An exact copy of the data is needed, one that excludes all pictures.

==== GIVEN MATERIAL ====

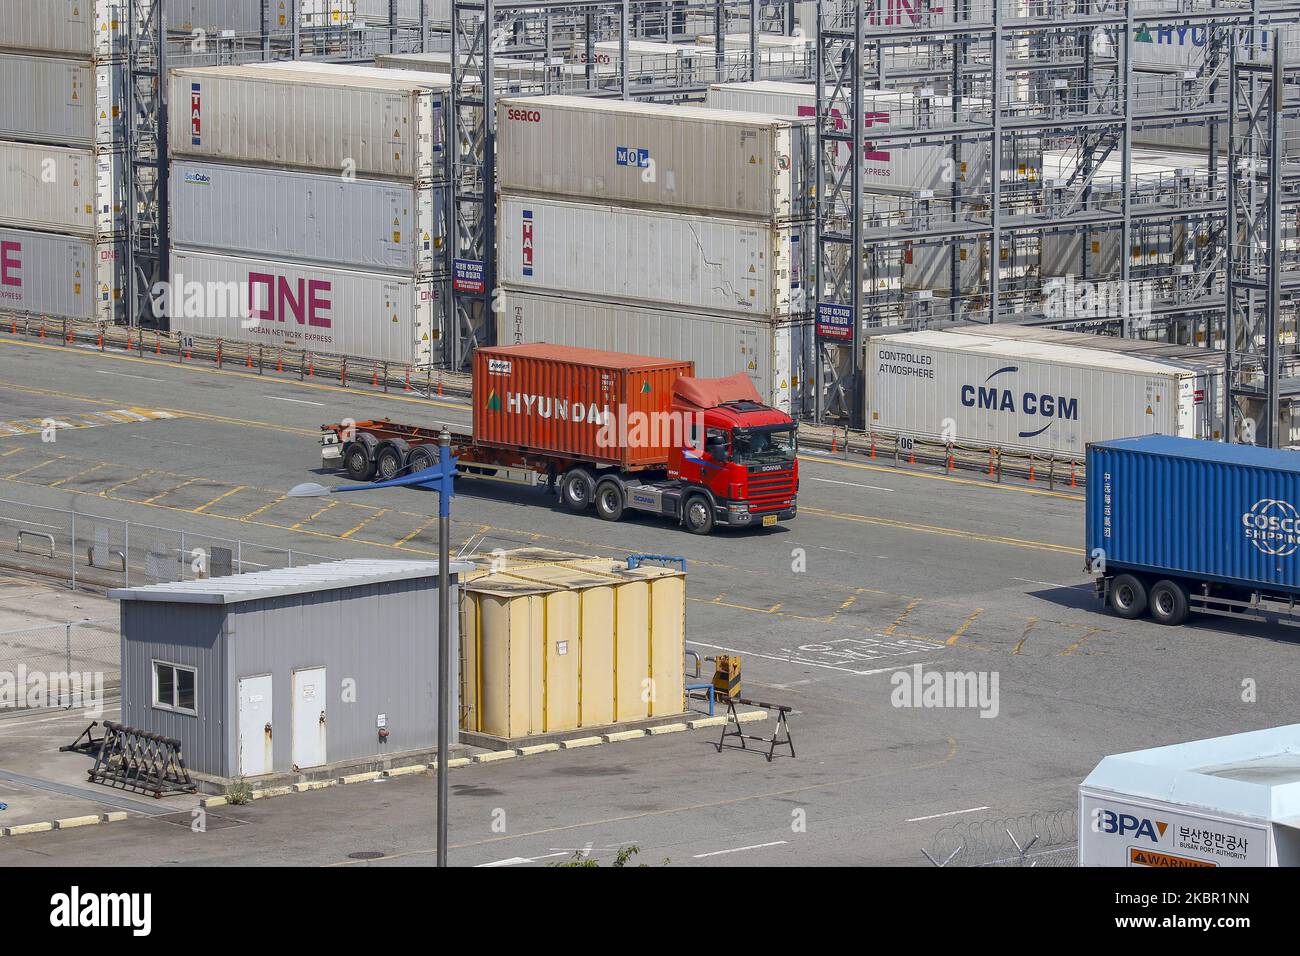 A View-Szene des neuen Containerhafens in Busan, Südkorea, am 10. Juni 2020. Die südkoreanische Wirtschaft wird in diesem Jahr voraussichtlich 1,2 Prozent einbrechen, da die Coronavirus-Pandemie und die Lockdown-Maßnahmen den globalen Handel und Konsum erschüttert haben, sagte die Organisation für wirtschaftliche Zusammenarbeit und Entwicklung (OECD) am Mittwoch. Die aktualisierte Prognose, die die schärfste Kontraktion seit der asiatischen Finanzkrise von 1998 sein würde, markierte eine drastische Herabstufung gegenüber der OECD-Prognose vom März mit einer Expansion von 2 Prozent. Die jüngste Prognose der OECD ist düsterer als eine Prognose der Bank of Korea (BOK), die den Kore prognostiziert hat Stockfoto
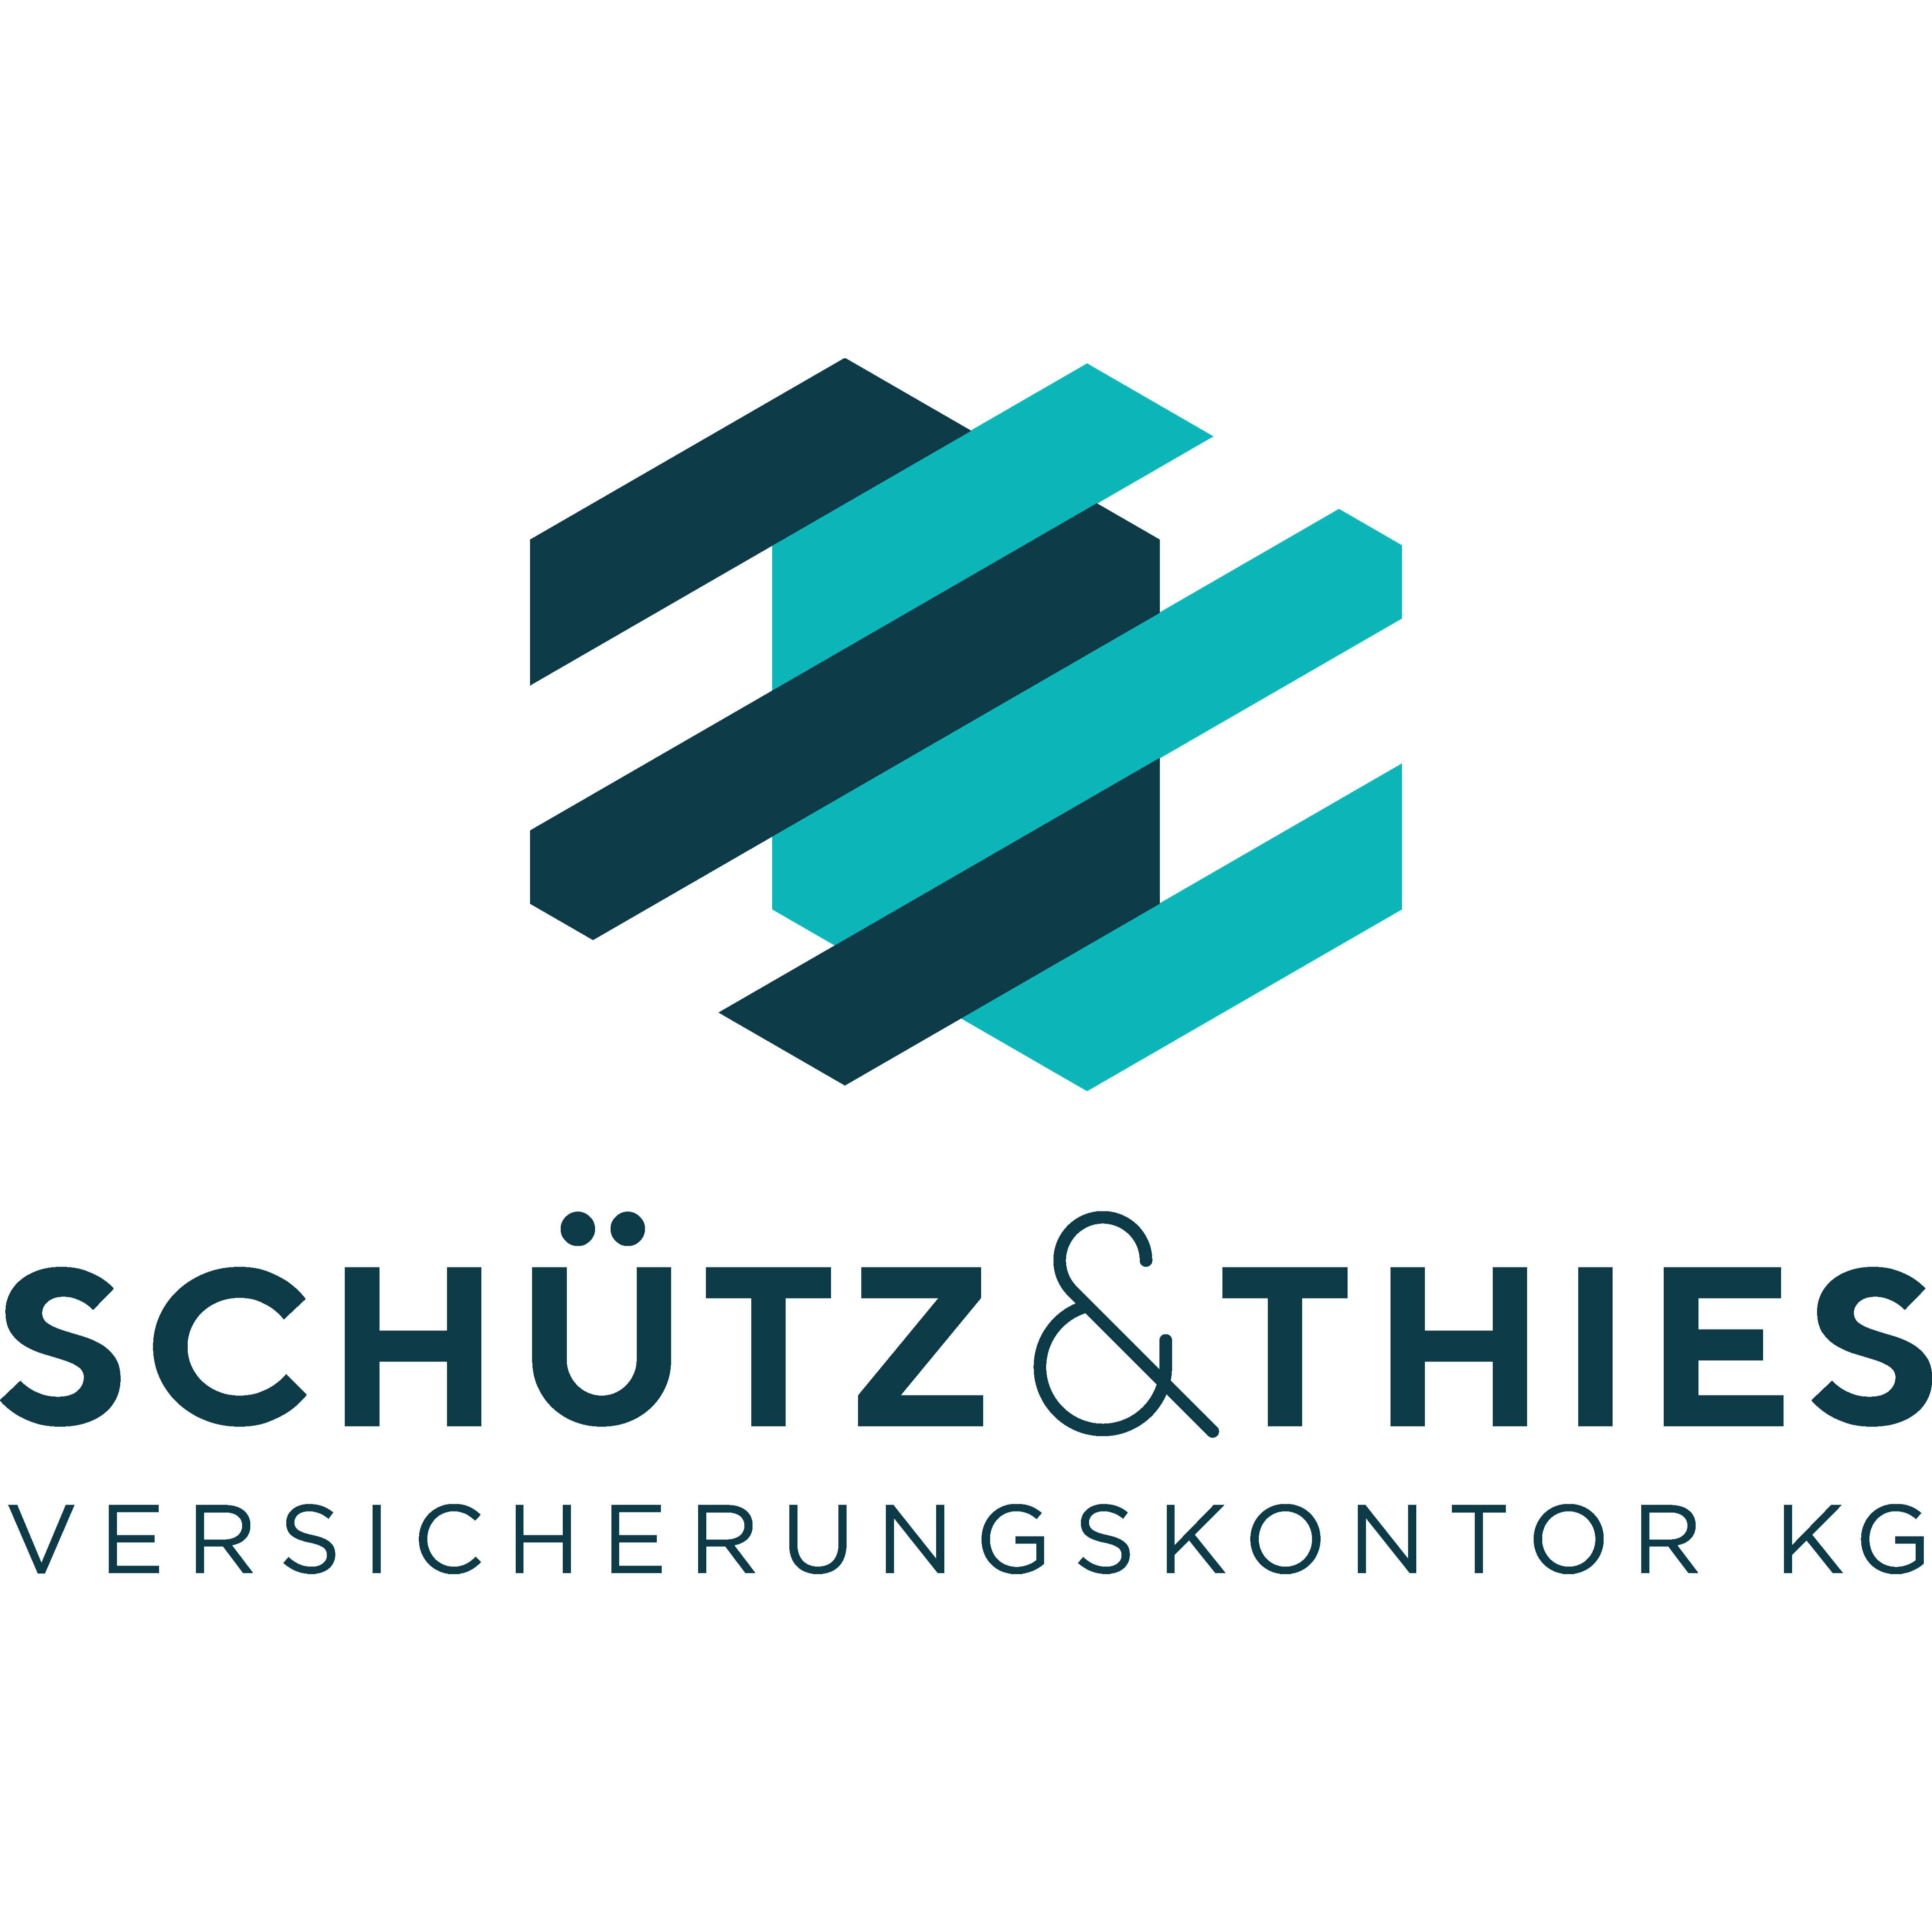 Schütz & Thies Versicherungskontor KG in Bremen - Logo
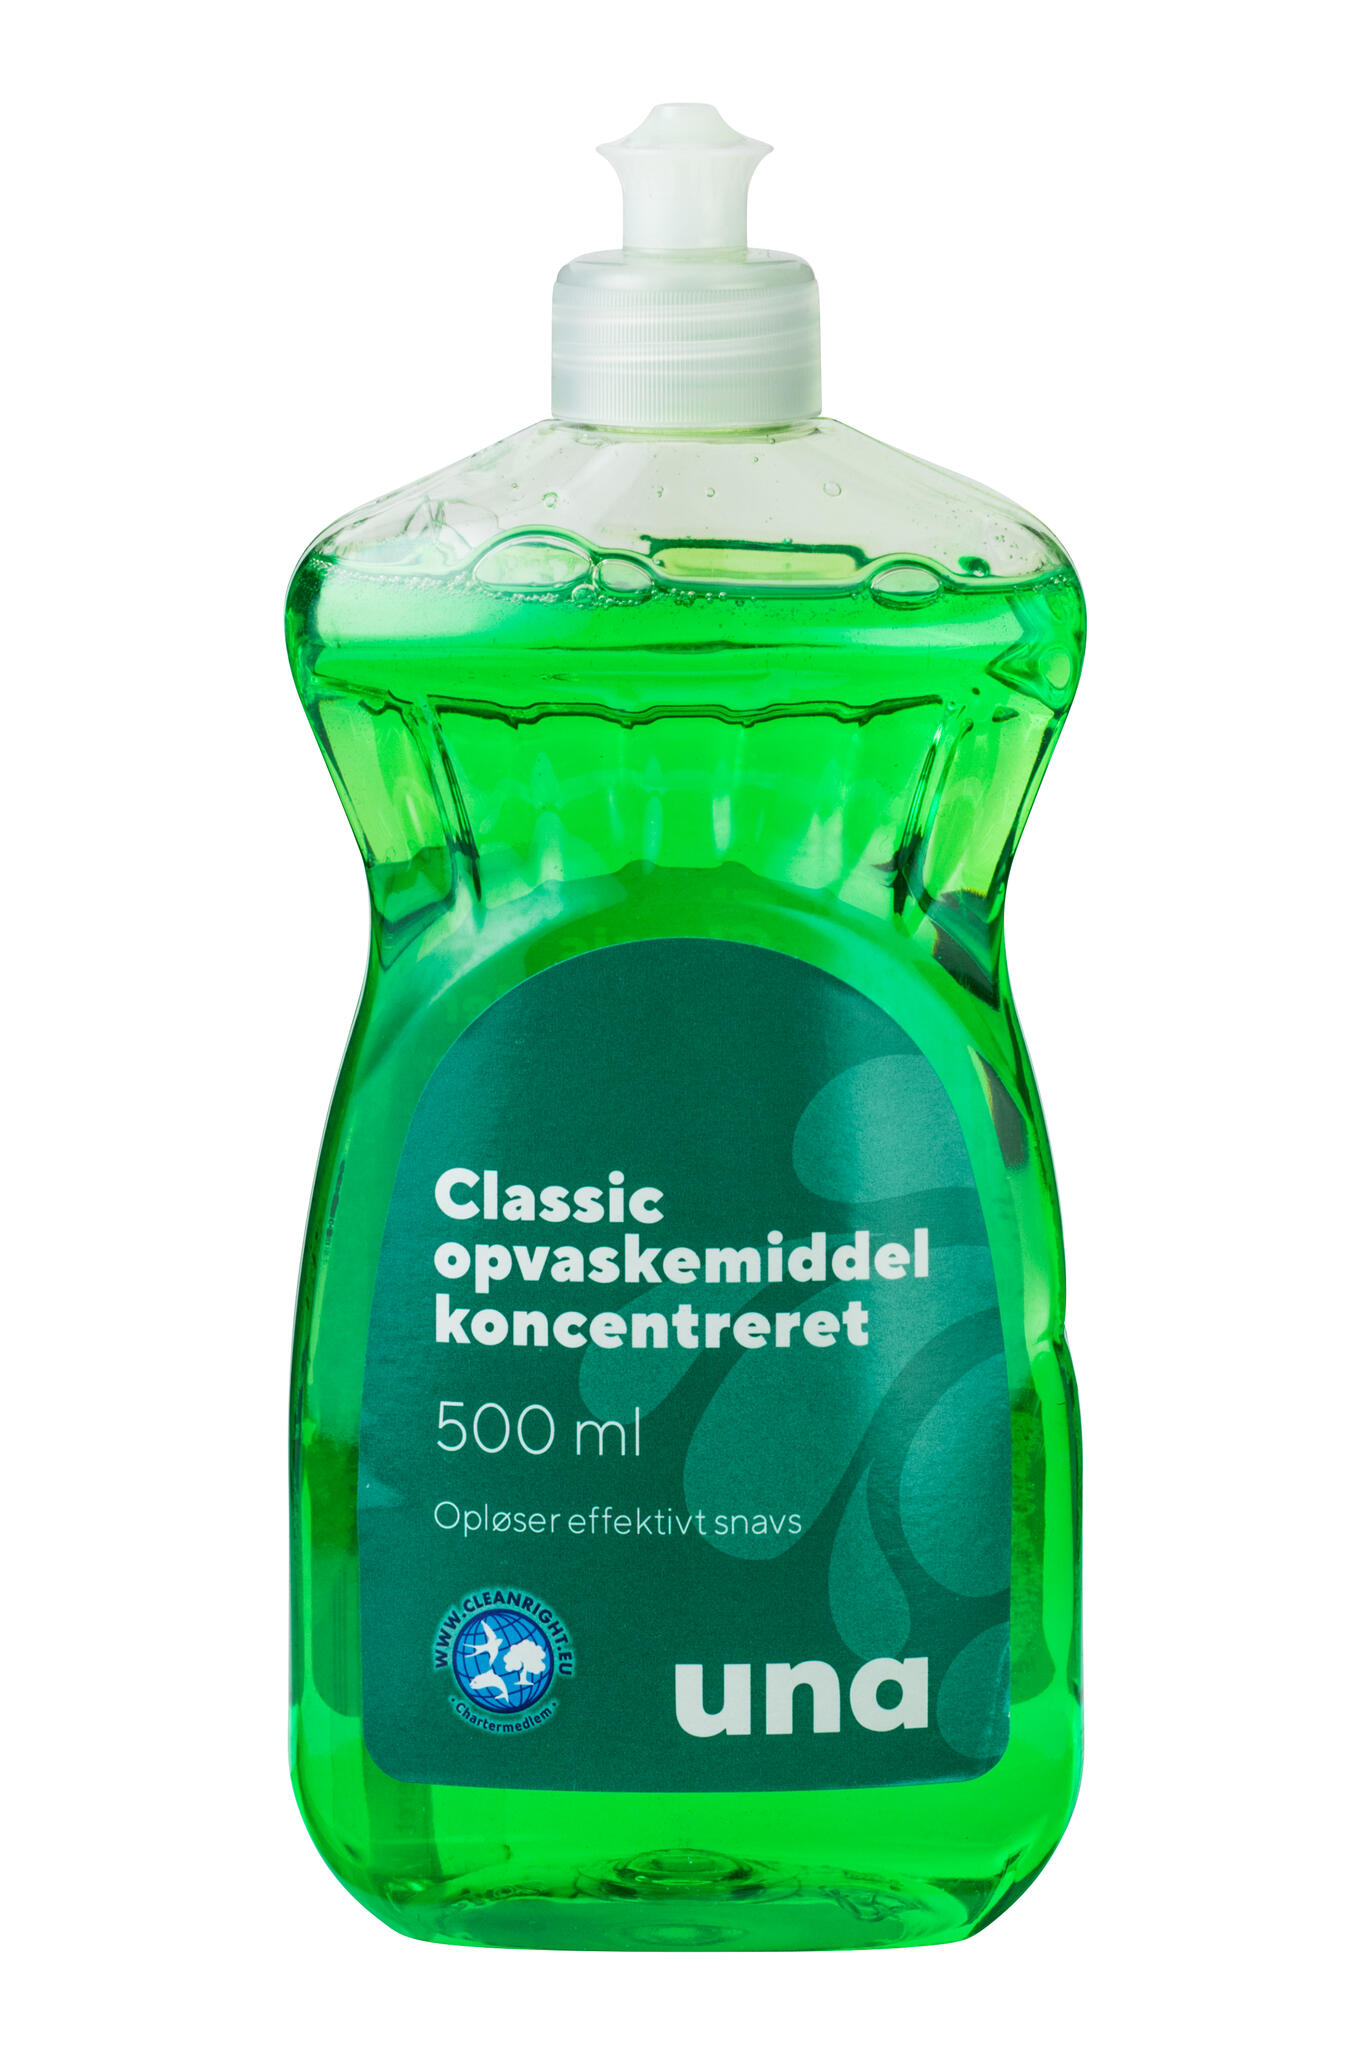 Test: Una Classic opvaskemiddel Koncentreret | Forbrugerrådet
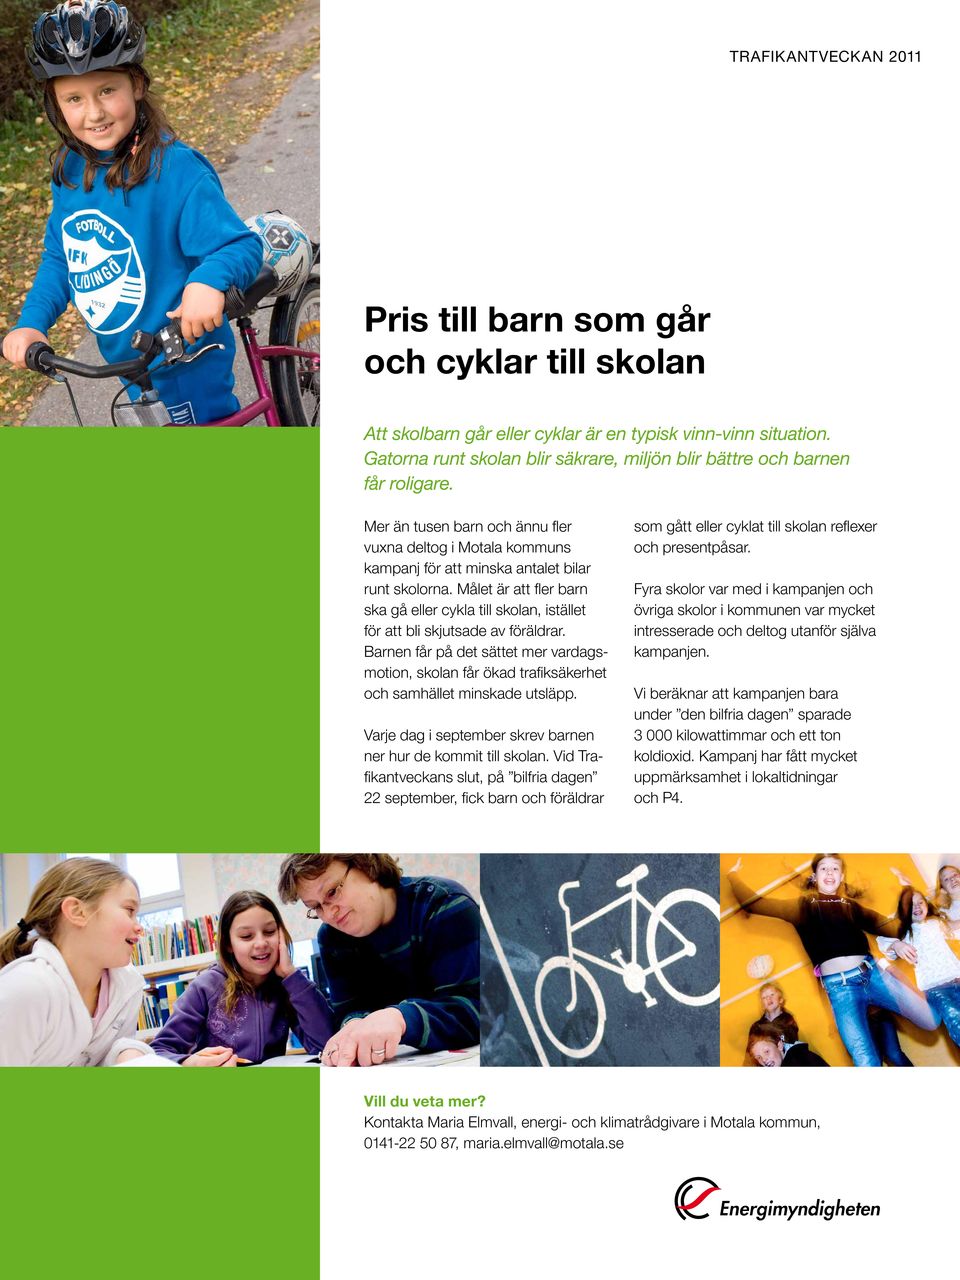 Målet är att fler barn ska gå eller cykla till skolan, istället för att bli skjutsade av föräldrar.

====

### RESPONSE TO THE EXERCISE
 A View-Szene des neuen Containerhafens in Busan, Südkorea, am 10. Juni 2020. Die südkoreanische Wirtschaft wird in diesem Jahr voraussichtlich 1,2 Prozent einbrechen, da die Coronavirus-Pandemie und die Lockdown-Maßnahmen den globalen Handel und Konsum erschüttert haben, sagte die Organisation für wirtschaftliche Zusammenarbeit und Entwicklung (OECD) am Mittwoch. Die aktualisierte Prognose, die die schärfste Kontraktion seit der asiatischen Finanzkrise von 1998 sein würde, markierte eine drastische Herabstufung gegenüber der OECD-Prognose vom März mit einer Expansion von 2 Prozent. Die jüngste Prognose der OECD ist düsterer als eine Prognose der Bank of Korea (BOK), die den Kore prognostiziert hat Stockfoto
 Schütz & Thies Versicherungskontor KG in Bremen - Logo
 Test: Una Classic opvaskemiddel Koncentreret | Forbrugerrådet
 Målet är att fler barn ska gå eller cykla till skolan, istället för att bli skjutsade av föräldrar.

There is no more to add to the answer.